On March 31, 2026, President Trump issued Executive Order 14399, “Ensuring Citizenship Verification and Integrity in Federal Elections, purportedly mandating new rules for mail-in ballots. This is the second time the president has issued an executive order related to elections. Three courts blocked implementation of the first executive order, holding that the Constitution assigns authority over elections to the states and Congress, not the president. The second executive order on mail voting is unconstitutional for the same reason.
This executive order contains three primary policy directives. First, the order directs the U.S. Postal Service (USPS) to refuse to deliver mail-in ballots to eligible voters unless they appear on a USPS-generated list of mail voters. It leaves the details of creating and populating that list to USPS. Second, it instructs the Department of Homeland Security to make a list of U.S. citizens in each state by combining data from several sources, despite none of those sources having comprehensive citizenship data and known flaws in that data. Third, it directs the attorney general to prosecute any individual, including election officials, who distribute federal ballots to ineligible voters.
On April 2, 2026, the Brennan Center and co-counsel American Civil Liberties Union (ACLU), ACLU of Massachusetts, Legal Defense Fund, Asian Americans Advancing Justice | AAJC, and LatinoJustice PRLDEF filed a federal lawsuit, League of Women Voters of Massachusetts v. Trump, to challenge the executive order. The suit was filed on behalf of the League of Women Voters of Massachusetts, League of Women Voters, Association of Americans Resident Overseas, U.S. Vote Foundation, OCA – Asian Pacific American Advocates, and Delta Sigma Theta Sorority, Inc.

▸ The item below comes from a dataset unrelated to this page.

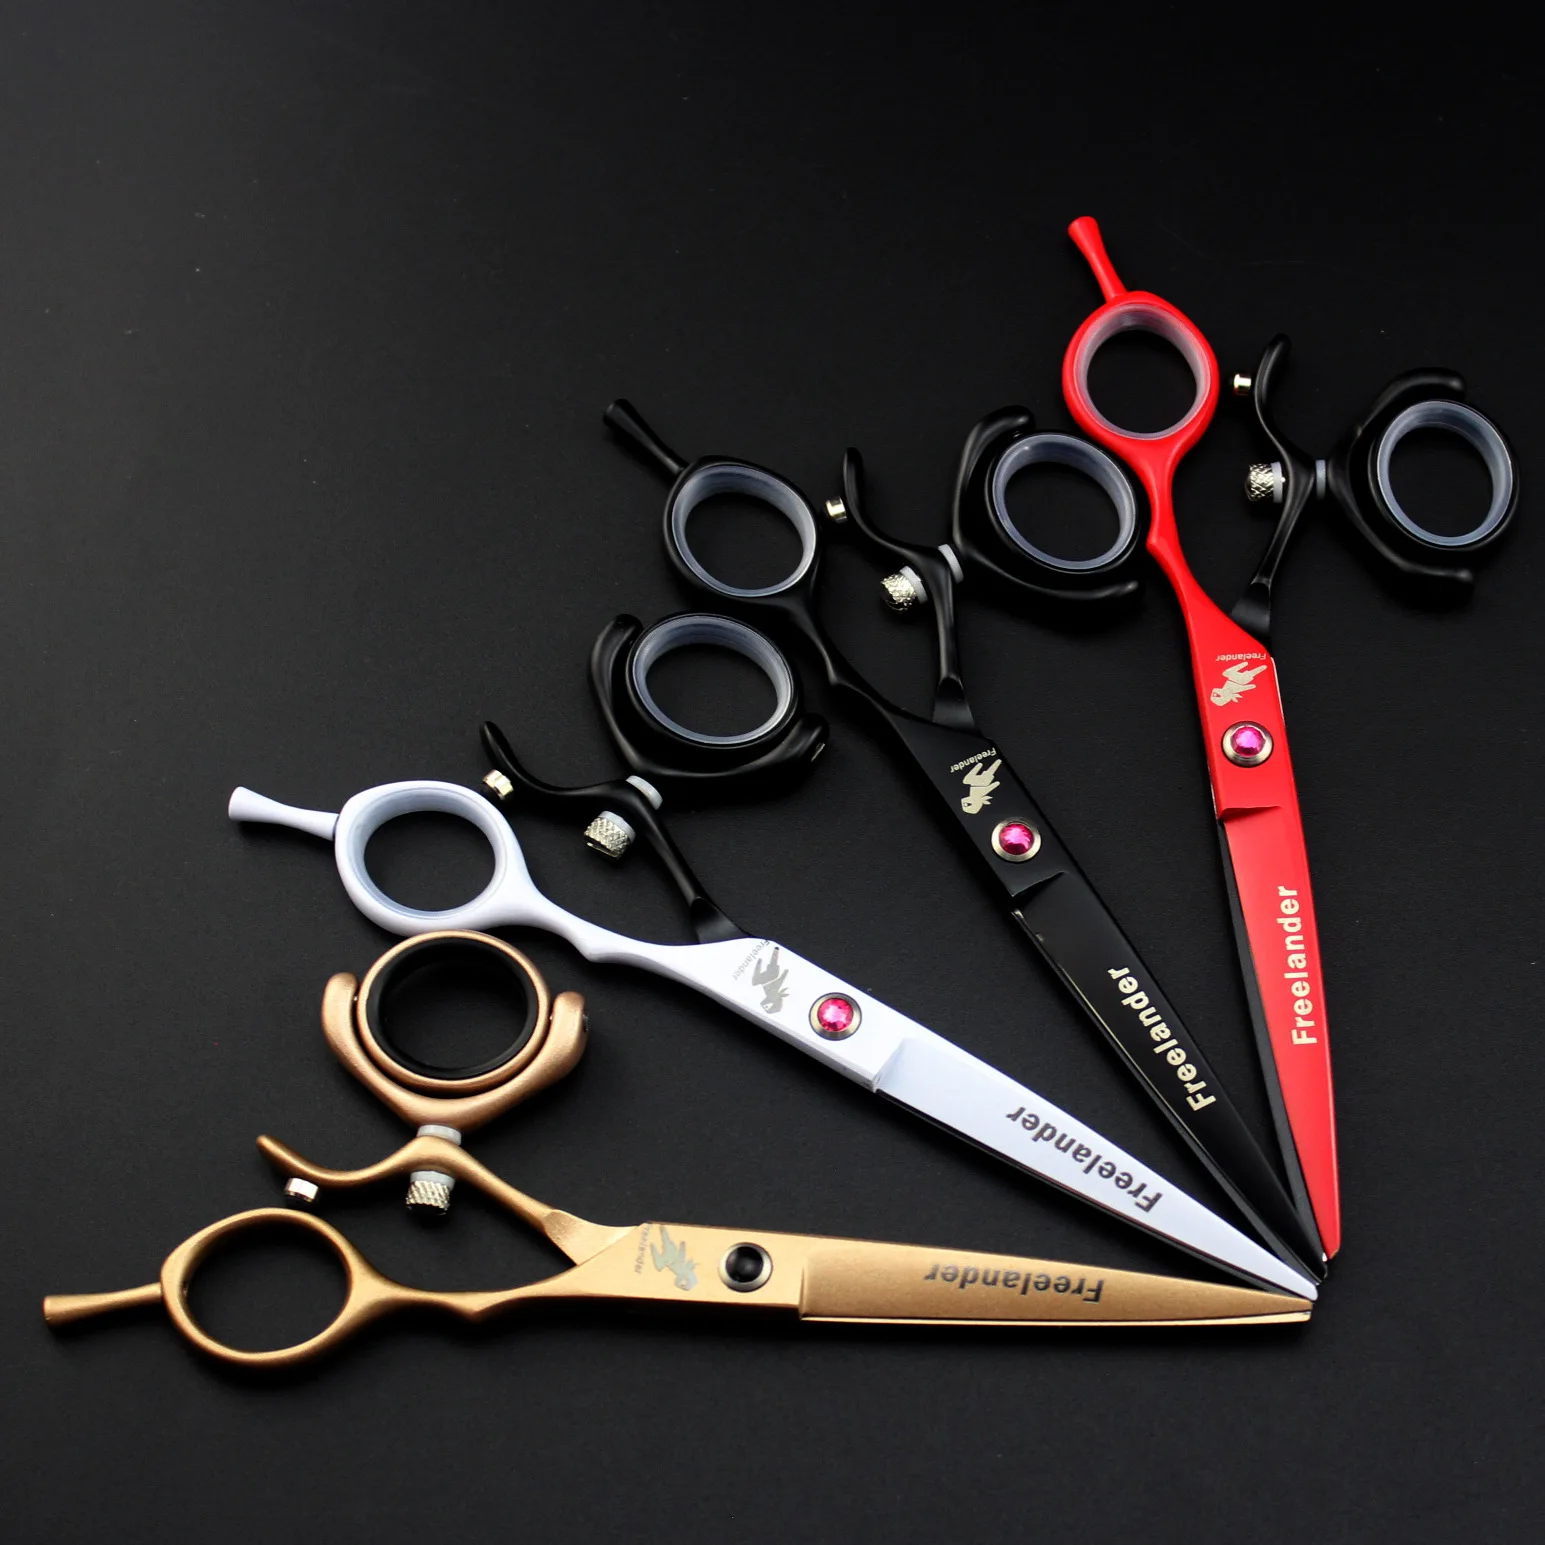 

6 Professional Hair Salon Structure Scissors Set Cutting Barber Haircut Thinning Shear Scissors Swivel Thumb Cutting Shears

The lawsuit challenges the executive order’s mandate to create new rules for mail voting. The plaintiffs allege that the order violates the constitutional separation of powers because the President doesn’t have authority to set election rules. Only the states and Congress may do so. The plaintiffs also allege that the order oversteps the president’s authority by attempting to direct USPS, an independent agency, tasked by law with delivering all mail. The Constitution allocates authority over the USPS to Congress, not the president. Next, the plaintiffs argue that the order’s mail voting requirements would impose an undue burden on voters in violation of the Constitution’s protections of the right to vote. The plaintiffs further claim that the order violates the Tenth Amendment by threatening not to deliver mail-in ballots unless states alter their election procedures, violates the Voting Rights Act by preventing eligible people from voting, and fails to satisfy the requirements and protections of the Privacy Act.